Being underemployed is very boring. With only one direct report to supervise all day, I stare at her until I fall asleep, and when I wake up she’s usually right where I left her. So even though we’d just gotten home from a big adventure, I the ants had climbed back into my pants. So I asked Mom if we could go to the mountains one more time before they disappear for the winter.
“But it’s smoky out there,” Mom whined.
“It’s smoky out, here,” I corrected her. “Who knows what it’s like in the mountains. I bet it’s better.”
“But it’s a holiday weekend. Everything is going to be crowded!” Mom complained.
“Oh goody! I love meeting new Friends!” I grinned.
“But it’ll be hot.”
“It will be cooler in the sky, and there are lakes for me to drink up. Isn’t it more important to go to the mountains when it’s not cold?”
“Okay, fine,” Mom surrendered.
The air was still smudgy like a VHS tape, but we could at least see the sky as we put the ocean, and then the Bay, and then the farmlands behind us. When we woke up somewhere in high gold country, the sky burned a little more greyly than normal, but the camp smell and golden glow on everything was relaxing, not revolting. The trail climbed gently through the puffy dust, and lumps of granite bubbled out of the dirt and sparkled the grey of an orange under the sunset glow of the mid-morning sun. Mom spotted some open air billowing between us and another mountain across the valley, so we left the trail to look at the view.
“Does it seem like it’s getting smokier?” Mom said, looking at the strawberry-grey in the sky. Across the valley the rocks smudged as if they were much farther away than they really were, and the air felt warm and close like breathing under a blanket on a warm day.
“Seems fine to me,” I said.
We turned back and kept hiking under the trees that smelled dry and brittle like bones. Suddenly, I heard music coming from a clump of bushes. It sounded like a group of musicians were banging wooden spoons in pots to the tempo of thoughts right before a nap. I leapt onto a big dome of rock and peered with my nose into the bushes. Now that I was closer I could tell from the rustling of the bushes that the musicians were big, like the size of a small car or a big golf cart. “WHO ARE YOU?!” I barked. “ARE YOU ON SPOTIFY?”
“Oscar, c’mere!” Mom shouted, waving a handful of brunch at me. “Get down from there!”
“But I want to watch the concert!” I wagged down at her.
“No you don’t,” she said.
“I most certainly do,” I said, turning back toward the bushes and wagging harder. “Come jam with me!” I yelled. “I’ll be on vocals!”

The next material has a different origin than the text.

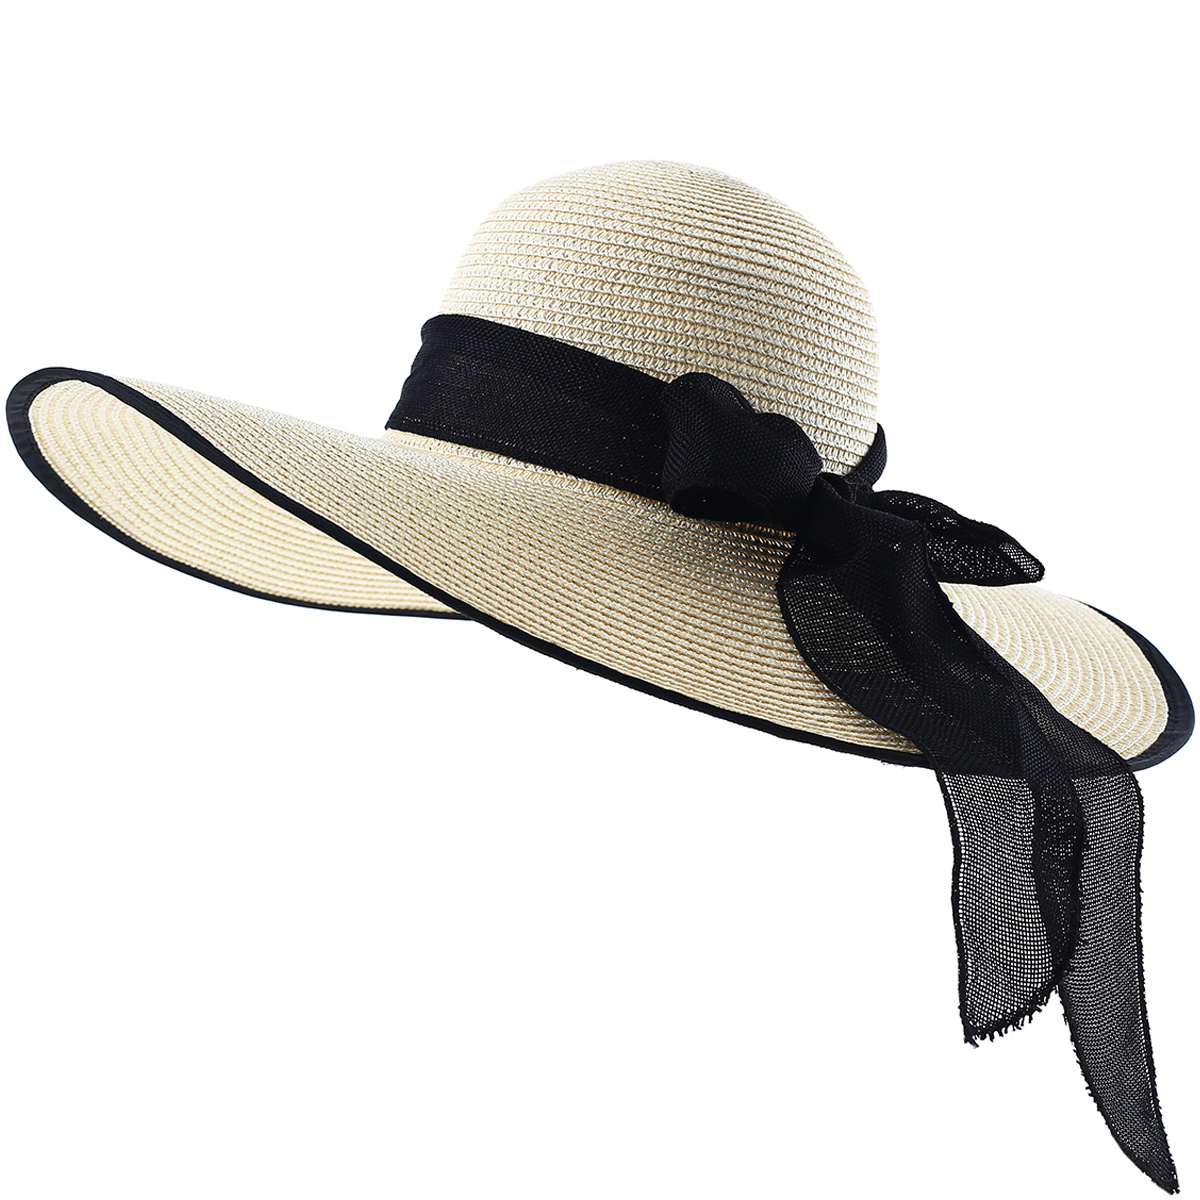 Peicees Sun Hat for Women Wide Brim Visors Hat for Outdoor UV Protection Summer Floppy Straw Hat for Beach//Travel//Hiking

“Okay, *I* don’t want you to find them,” Mom said, walking away without me. I had to choose between following her or joining the traveling minstrel show forever. I ran after Mom, but I hoped that this was the beginning of the musicians’ set so I would have time to solve the mystery on the way back.
We arrived at a lake where the white bones of trees stuck out of the heaps of rounded rocks as decoration. The air clung to me like something sticky and dry. Mountain lakes like this are usually very clear from up close, and a brighter color of sky from far away, but even though this one was clear and smelled faintly of fragrant bullplop, it had something wicked about it. It didn’t sparkle, and its whole valley looked smudgy like a bar scene in one of those old movies from when cigarettes were allowed on TV.
“We should get you back down to the car before it gets too hot up here,” Mom said, and we turned our tails on the icky lake and disappearing sky.
When we got back to the bushes where the musicians were playing I ran ahead of Mom to investigate. I came around a tree trunk and much to my surprise, I found myself face-to-snout with the lead clanger of the Moo-dy Blues.
“Mom! Mom! Look who it is!” I barked. Then to the rock star I squealed, “She’s going to want your autograph — Mom, come quick, before he leaves!”
“C’mon, Oscar. Get over here,” Mom said from behind The Witch, which she couldn’t resist pointing at the celebrity I’d found. I barked at him one last time and he looked at me with that unimpressed look that all rock stars have when they look at someone whose star power they find intimidating. Then I pranced back to Mom. “Did you see him? Did you see him?! He was a moo-cow!”
In Washington most people had been hiking in masks, and by the time the trip was over Mom’s mask was so crusty and stinky from all her sweat and bad breath that it could have walked next to us, so Mom had finally bought a mask just for hiking. Even though most of the people we met weren’t wearing masks, she still pulled it up and did weird things with her neck to try to keep it from falling off her nose every time we saw a Friend.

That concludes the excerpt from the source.